Originally created 05/12/04

Lawmakers rally around protecting NASCAR's favorable tax treatment



WASHINGTON -- Stuffed in a package of proposed corporate tax breaks the Senate passed Tuesday is an order to the Internal Revenue Service: Don't start treating NASCAR like it's something other than a carnival ride.

For three decades, the owners of NASCAR tracks have built new grandstands and added restrooms or concessions using a seven-year depreciation schedule, an arrangement also enjoyed by amusement park owners.

But given the actual life of such grandstands, the IRS has begun challenging whether racetracks and amusement parks should be treated the same. Recently, the agency has been telling track owners they should use depreciation periods of 15 years or more, which would reduce their tax deductions by half on an annual basis.
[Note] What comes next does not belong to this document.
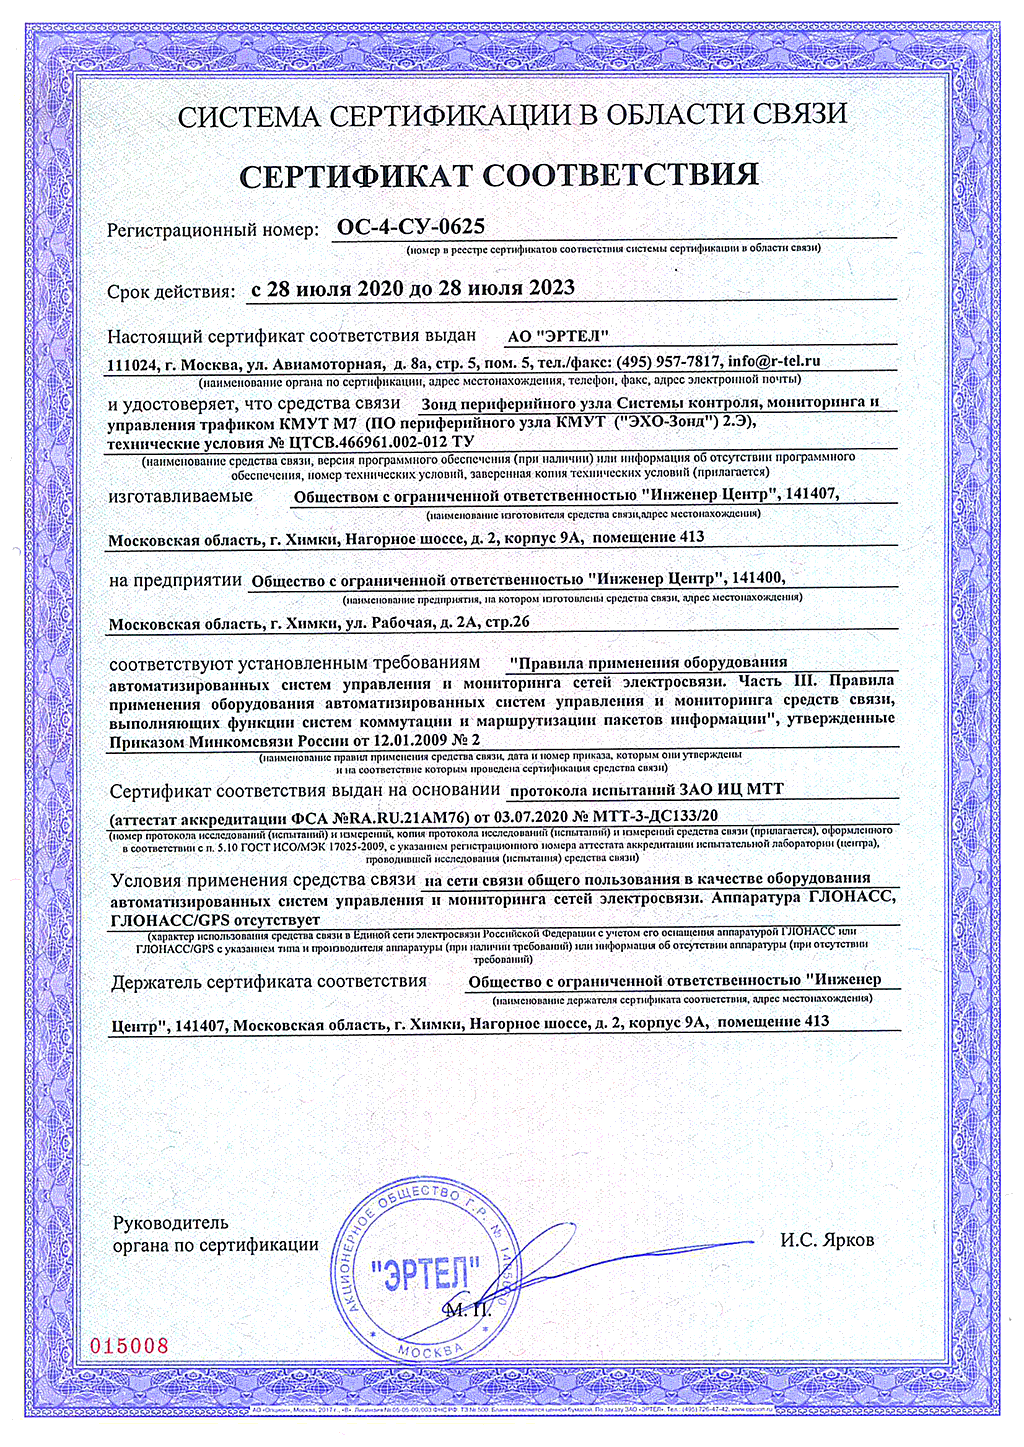 сертификат соответствия ОС-4-СУ-0625

They still could recoup their investment, but it would take twice as long.

NASCAR leaders say they aren't seeking anything special; they just want the tax treatment they've enjoyed in the past put into law.

"We've had this. It's worked, and why mess it up?" said Humpy Wheeler, president of Speedway Motorsports, which operates six tracks. "Everybody's trying to get an economic advantage today, whether it's taxation or whatever it is. There just simply won't be as much construction if we don't have the favorable depreciation."
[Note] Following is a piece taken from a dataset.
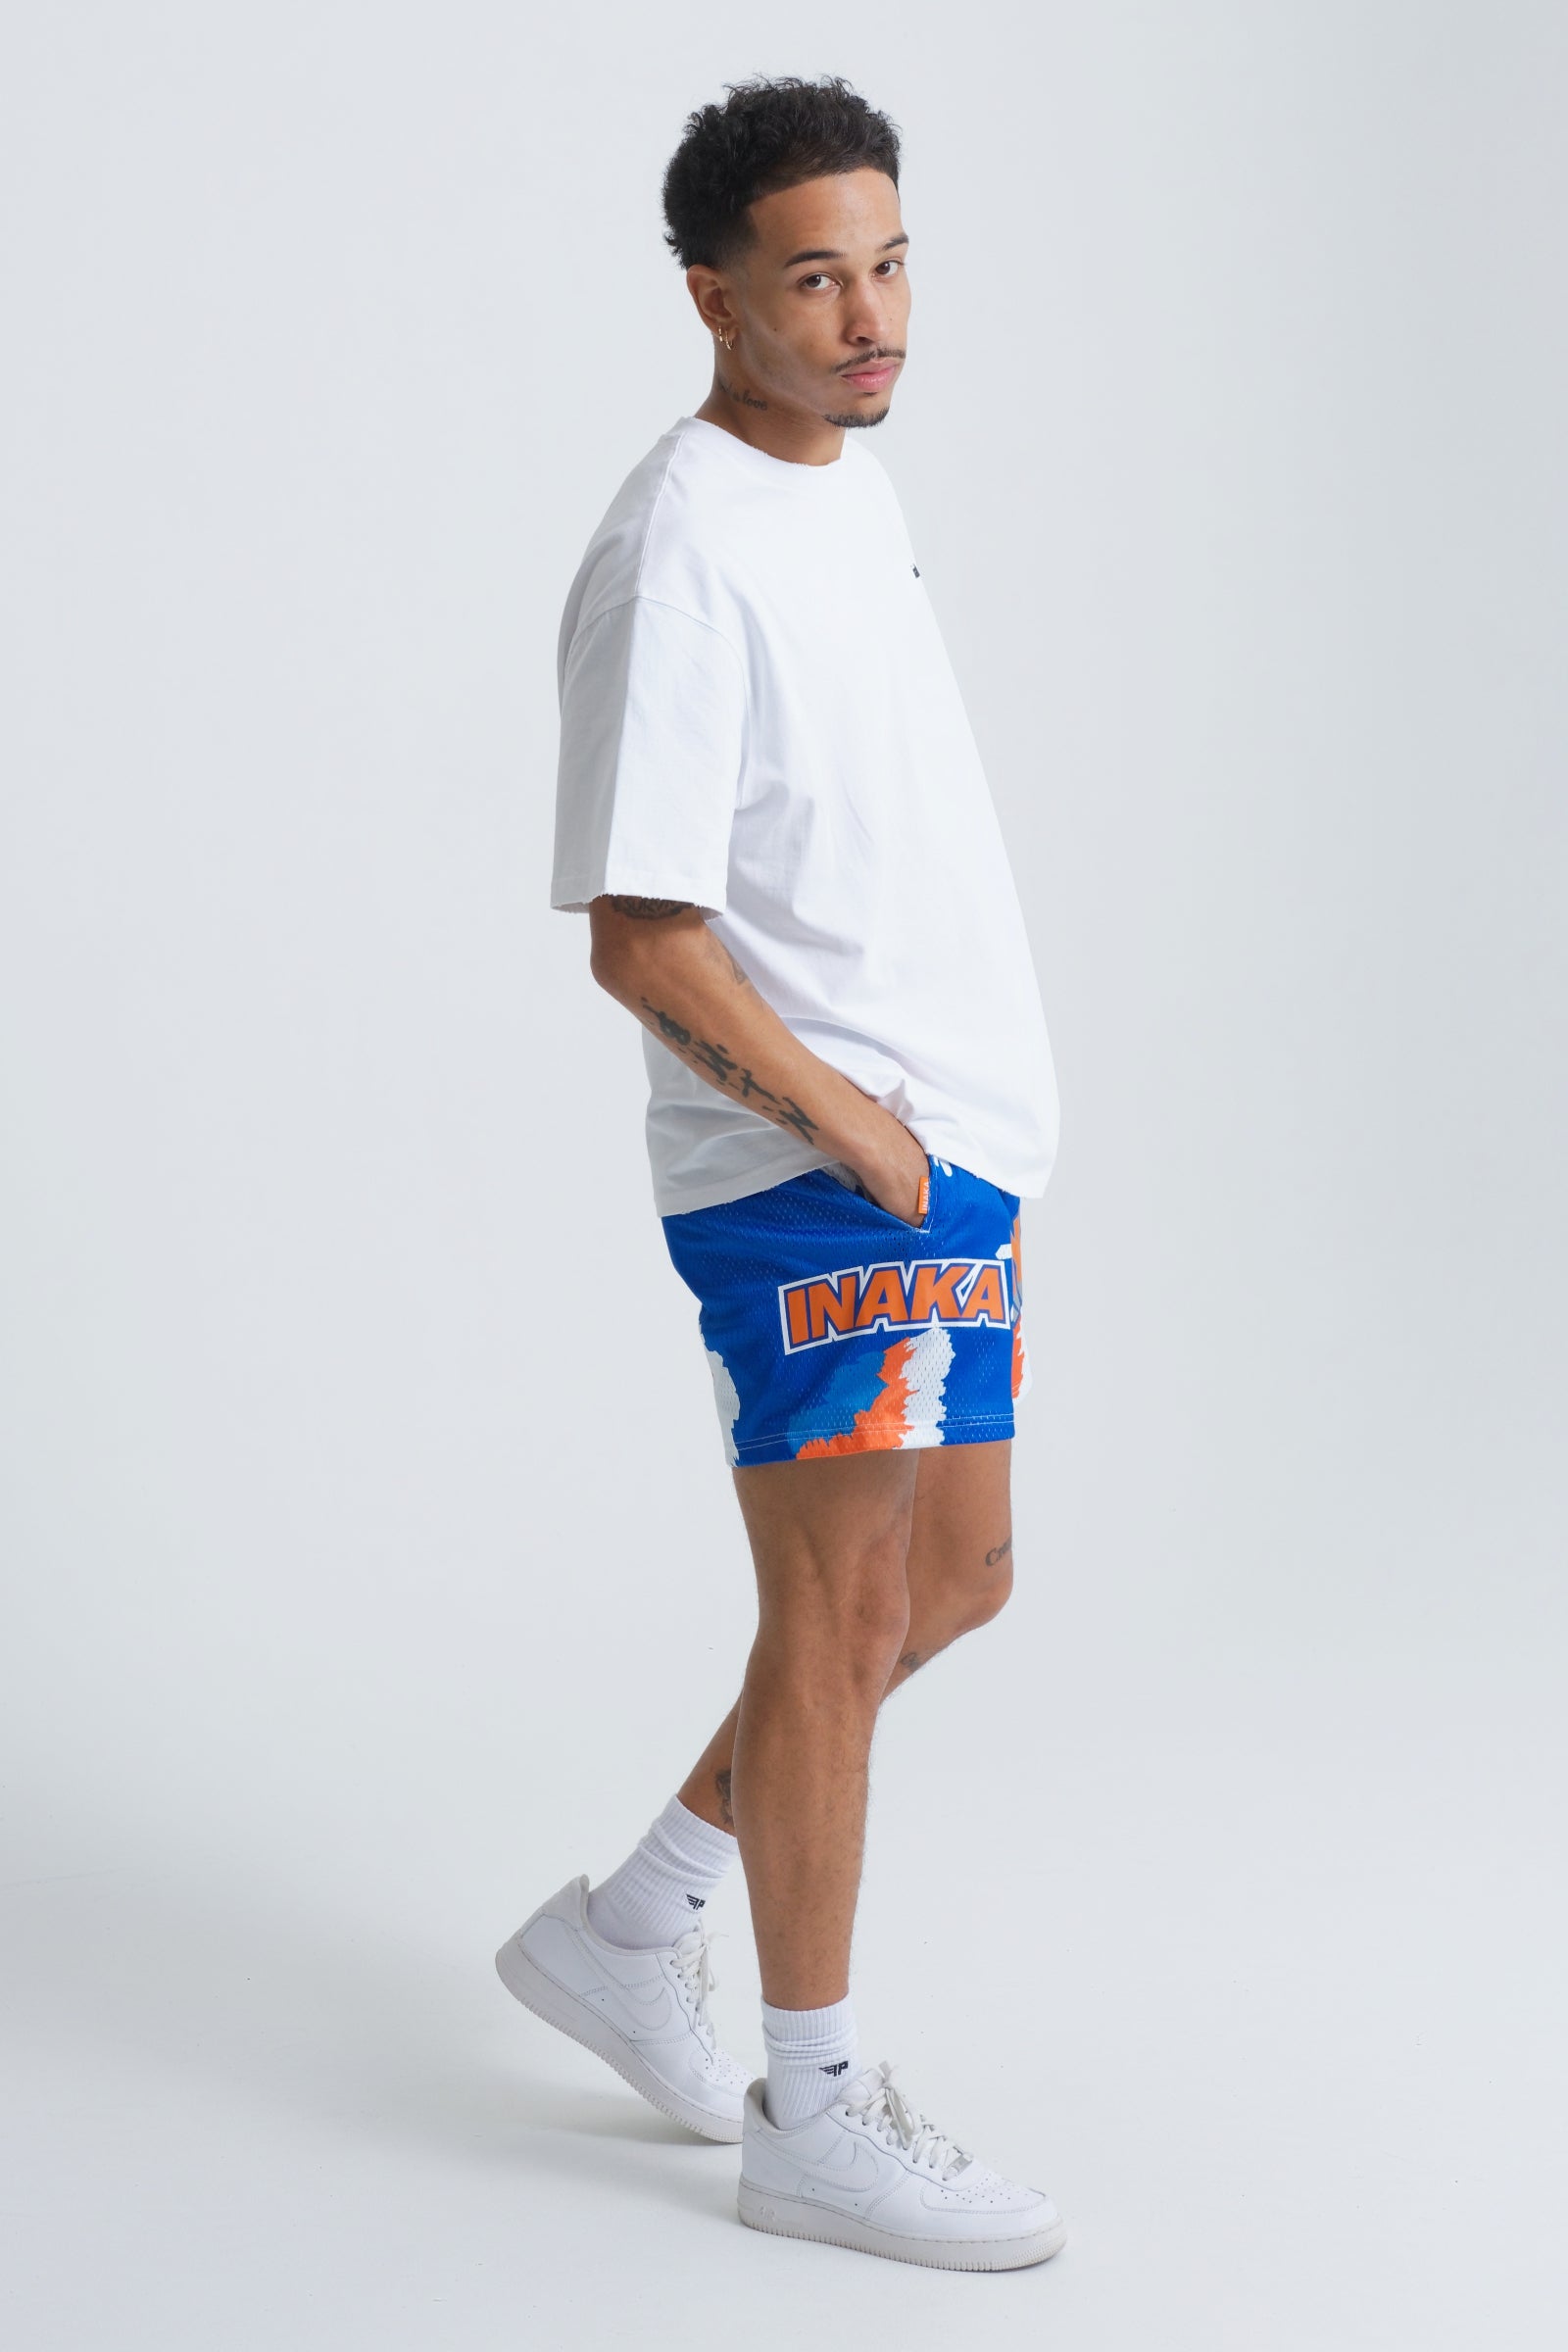 Men's Tie Dye Shorts - Knicks

While track owners are the primary beneficiaries, politicians are conscious of the latest political target demographic: "NASCAR dads." They're white, working-class men who like President Bush but could be persuaded to vote Democratic, particularly in state and local races.

"Politicians react to what's in the news, and NASCAR dads have dominated a lot of the political coverage, rightly or wrongly," said Larry Sabato, a University of Virginia political scientist.
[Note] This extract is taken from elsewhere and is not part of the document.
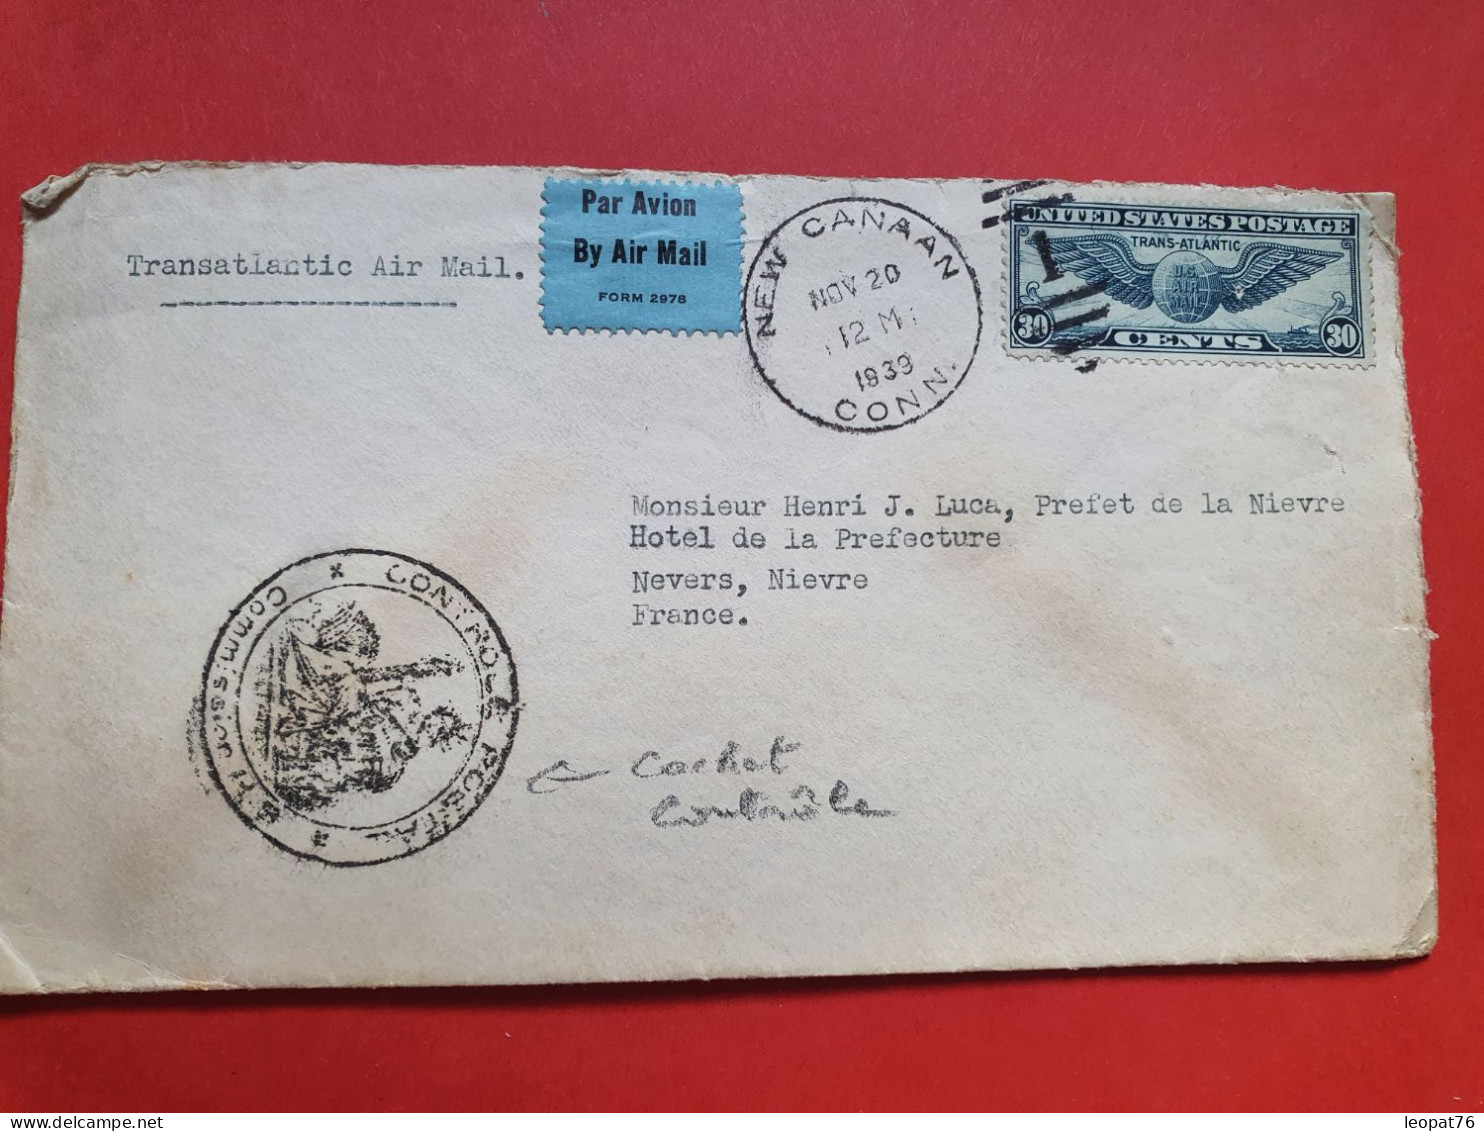 Etats Unis - Enveloppe De New Canaan Pour Un Préfet En France En 1939 Avec Cachet De Contrôle Postal - JJ 71 - Brieven En Documenten

Herb Branham, communications manager with NASCAR's Nextel Cup series, concedes that could be one reason for the widespread congressional support behind the measure.

"Obviously whenever these types of demographic labels do crop up, they do seem to take on a life of their own," Branham said.

There are 60 co-sponsors in the House - some from virtually every Southern state. The local political motivation can be found in nearly every statement lawmakers have released to tout it.

"All the request says is treat us like you've always treated us," Rep. Robin Hayes, R-N.C.

Sen. Elizabeth Dole, R-N.C., estimates NASCAR's annual impact on North Carolina at $1.5 billion each year. Sen. Rick Santorum, R-Pa., also cites the numerous motorsports facilities in his state.

"In the last decade alone, more than a billion dollars has been invested around the country to improve the quality and safety of these facilities - large and small - in reliance on this understanding of the tax law," Santorum said. "It is only fair to provide certainty for the future to allow for continued growth."

Keith Ashdown of Taxpayers for Common Sense says he isn't surprised the NASCAR provision is encountering little resistance in Congress, though he contends it should.

"It's definitely something at face value you really don't want to oppose," Ashdown said. "'They voted against NASCAR' doesn't sound good for anybody running in middle America. It's kind of like opposing subsidies to the Indy speedway and living in Indianapolis. You would be seen as a vile outcast."